Joanna casts around for a way to say Yes, it’s an honor, Sean, but sadly the invitation comes a little too late and I’m afraid I won’t…But she instinctively brings her hand to rest on her stomach in a protective gesture, a primitive gesture. Because there’s one thing Prior doesn’t know: Joanna is pregnant.

It was exactly seven weeks ago: she did the test in Denton & Lovell’s restrooms, between some sashimi eaten on the run and a partners meeting. And when the two little garnet-colored lines appeared on the stick, Joanna felt her chest explode with jubilation.

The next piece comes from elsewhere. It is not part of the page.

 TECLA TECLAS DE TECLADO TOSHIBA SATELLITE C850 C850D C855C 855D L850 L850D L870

The man Joanna loves is a newspaper cartoonist. In late October last year a neo-Nazi leader filed a complaint about one of his drawings, deeming it injurious; she represented his newspaper in court and won the case resoundingly. Keller v. Wasserman set a precedent: the act of writing, in a cartoon or elsewhere, that a white supremacist lacks gray matter is not an offense but an opinion, a diagnosis even. It was easy. That same evening, Aby Wasserman invited her to dinner at Tomba’s, a restaurant that was too expensive for him, and, at the end of the meal, confronted with his heart’s irrefutable certainty, he asked her stumblingly what plans she had for the next few centuries. He refrained from telling her he was put on this earth to love her and go wherever she went, even though that was so exactly what he was thinking. Joanna was in no doubt either. He gave her a fountain pen, Here, this is for you, Joanna, it’s a Waterman, which isn’t far from my own German name, um…my name that I’d like you to take, but I’d be happy to take yours too, you know. Joanna accepted the pen, opened it, and right there on the white cotton tablecloth, she wrote Joanna Woods-Wasserman, trying to avoid getting too teary. The manager agreed to let them keep the tablecloth.

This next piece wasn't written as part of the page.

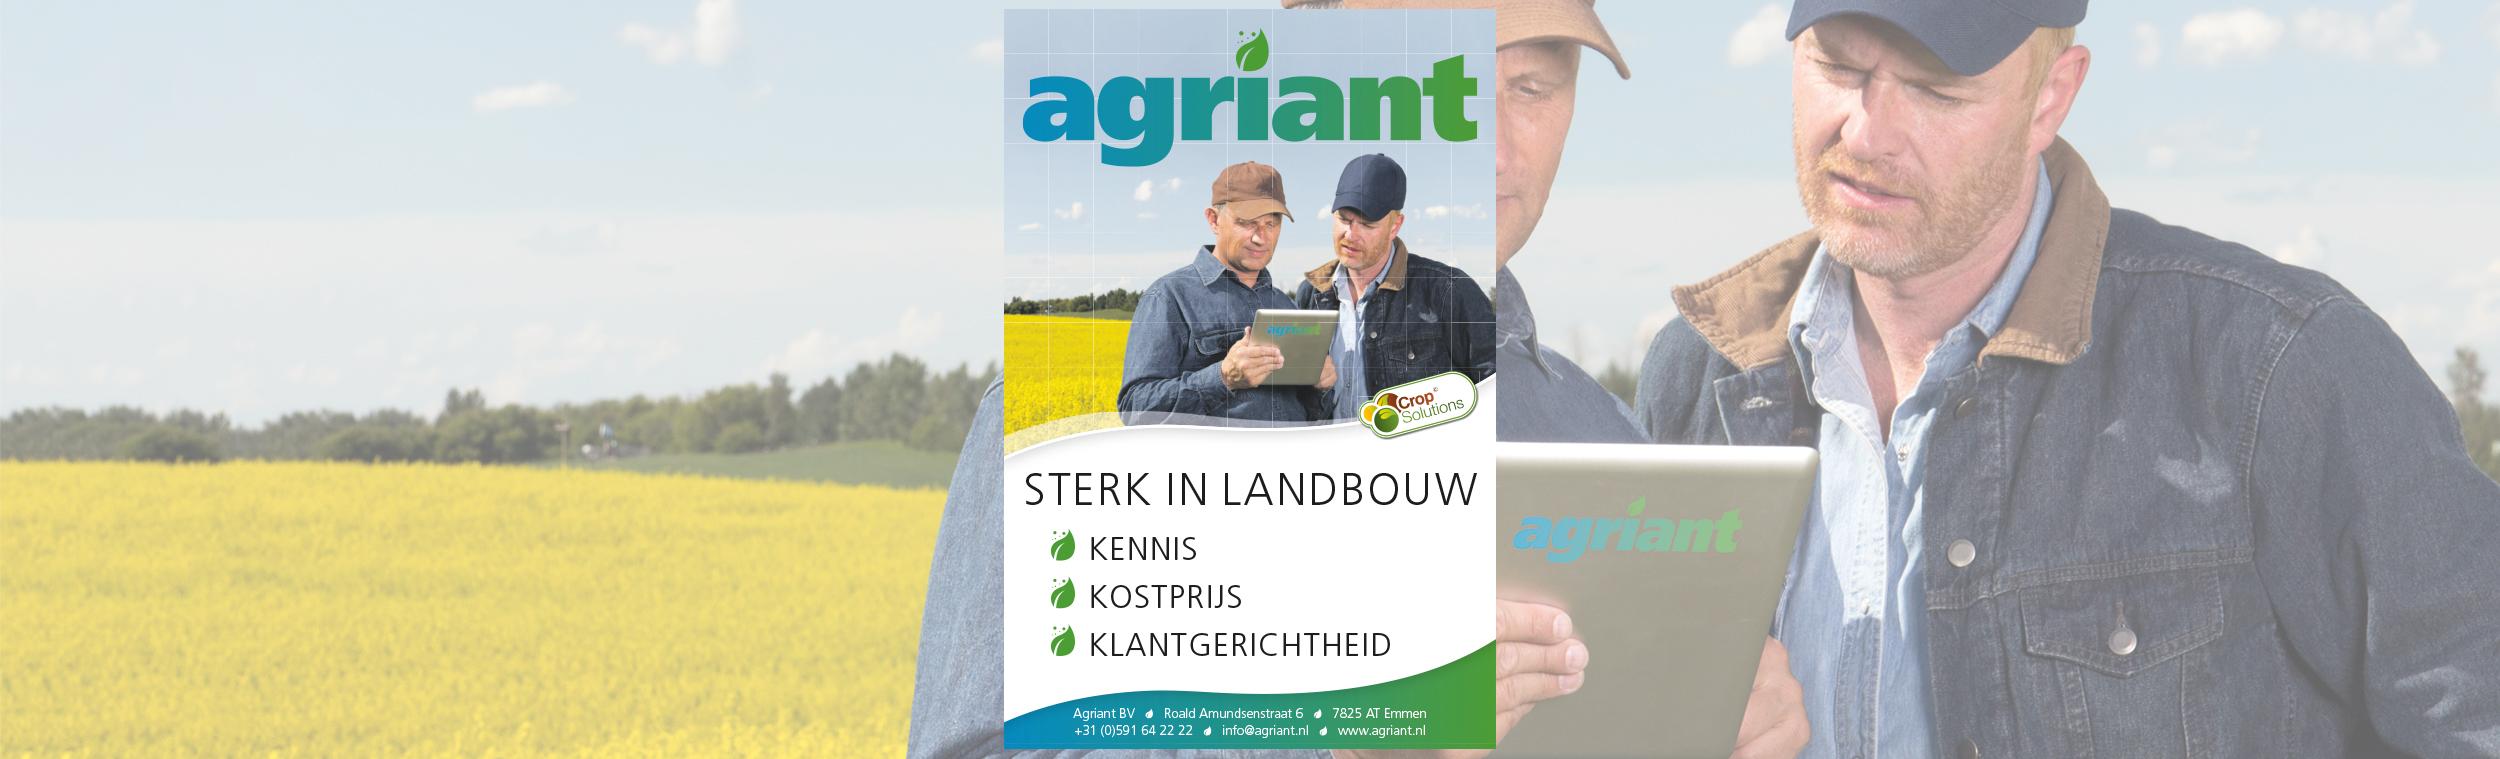 portfolio-agriant-advertentie

They wanted a baby right away, and followed the necessary procedures to achieve this, frequently, at great length, and in many locations. The doctor was sure: It was after Joanna returned from Europe in early March, on that appalling flight—when she decided that if she survived, she would marry him as soon as possible—and before their wedding in early April that their gametes had met and immediately agreed to a merger. They will never know how to thank white supremacism. In fact, suggested the Jewish Aby, short for Abraham, if it’s a boy, we’ll call him Adolf. As a middle name, Joanna moderated, laughing. And she immediately hated herself for being so happy when her sister was preparing to die a long, slow death. But a few ounces of happiness were growing inside her, and they took over everything.

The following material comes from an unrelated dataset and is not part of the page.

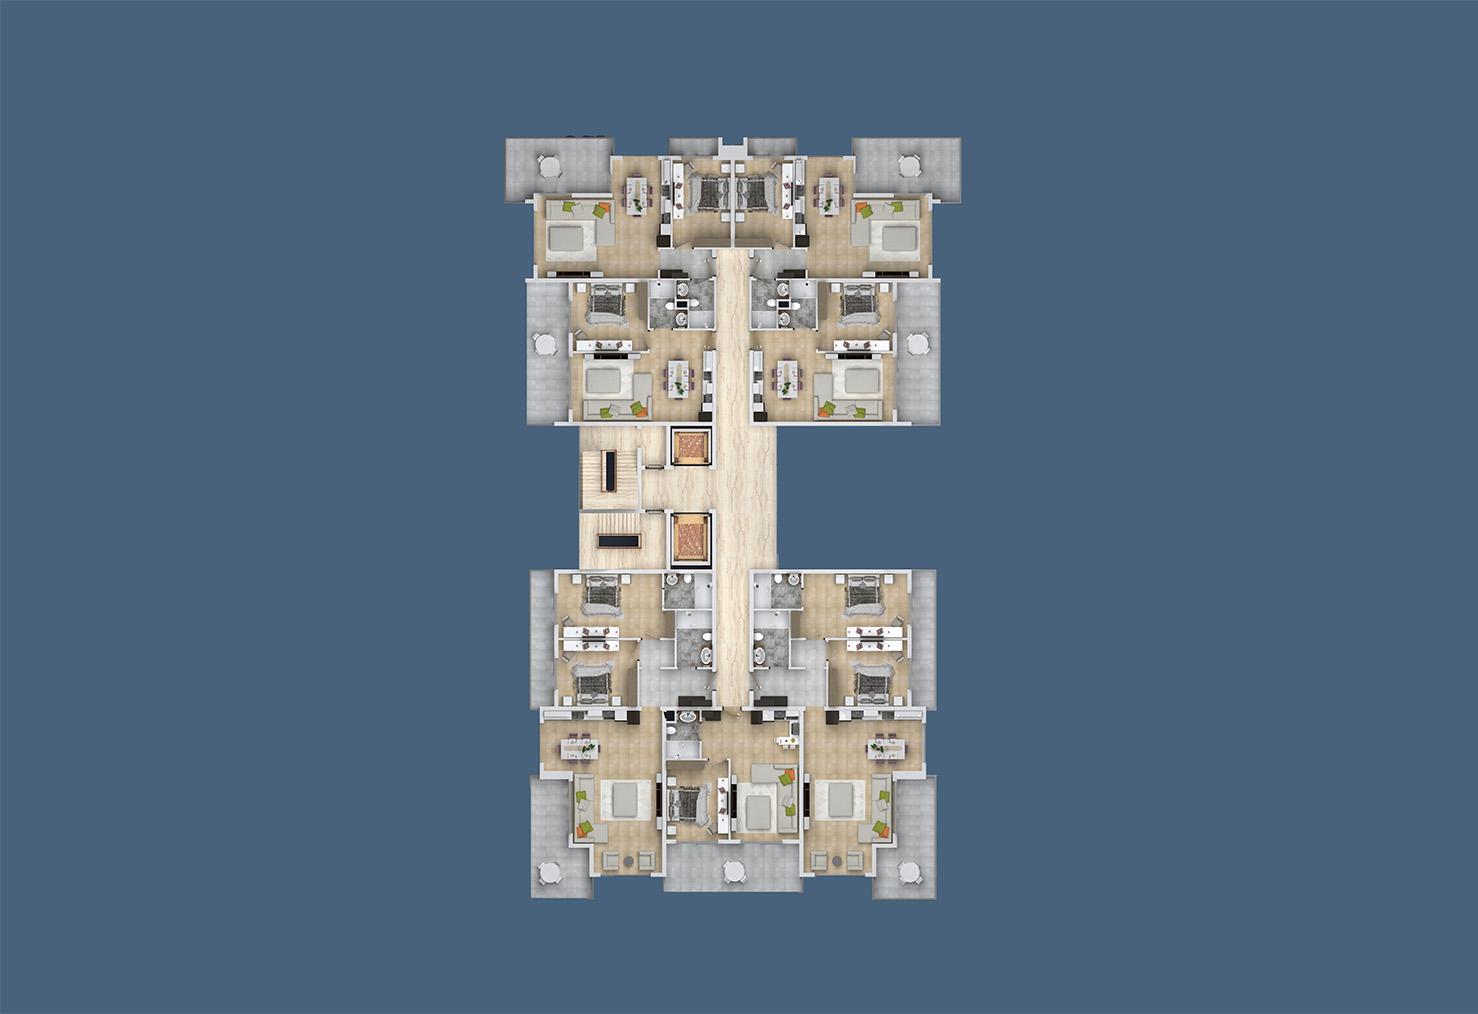 Floor plans of apartments 5 floor «D» Yekta Kingdom Trade Center

Prior pursues his invitation.

“Joanna? The Dolder?”

Tomorrow evening? Complicated: she was planning on celebrating the end of the first three months of her pregnancy with her parents…On the other hand, meeting the devil to dance with him does have its upsides.

She doesn’t have time to make a decision, because a heavy black telephone, a Bakelite antique, starts ringing on Prior’s desk. He picks up immediately and snaps irritably, “I asked not to be disturbed…All right…I’ll let her know.”

Prior turns to Joanna with an intrigued smile.

“This will probably surprise you, Joanna, but there are people waiting for you outside my office. Two FBI agents. I’m still counting on you for tomorrow, if they’ll agree to let you go, obviously.”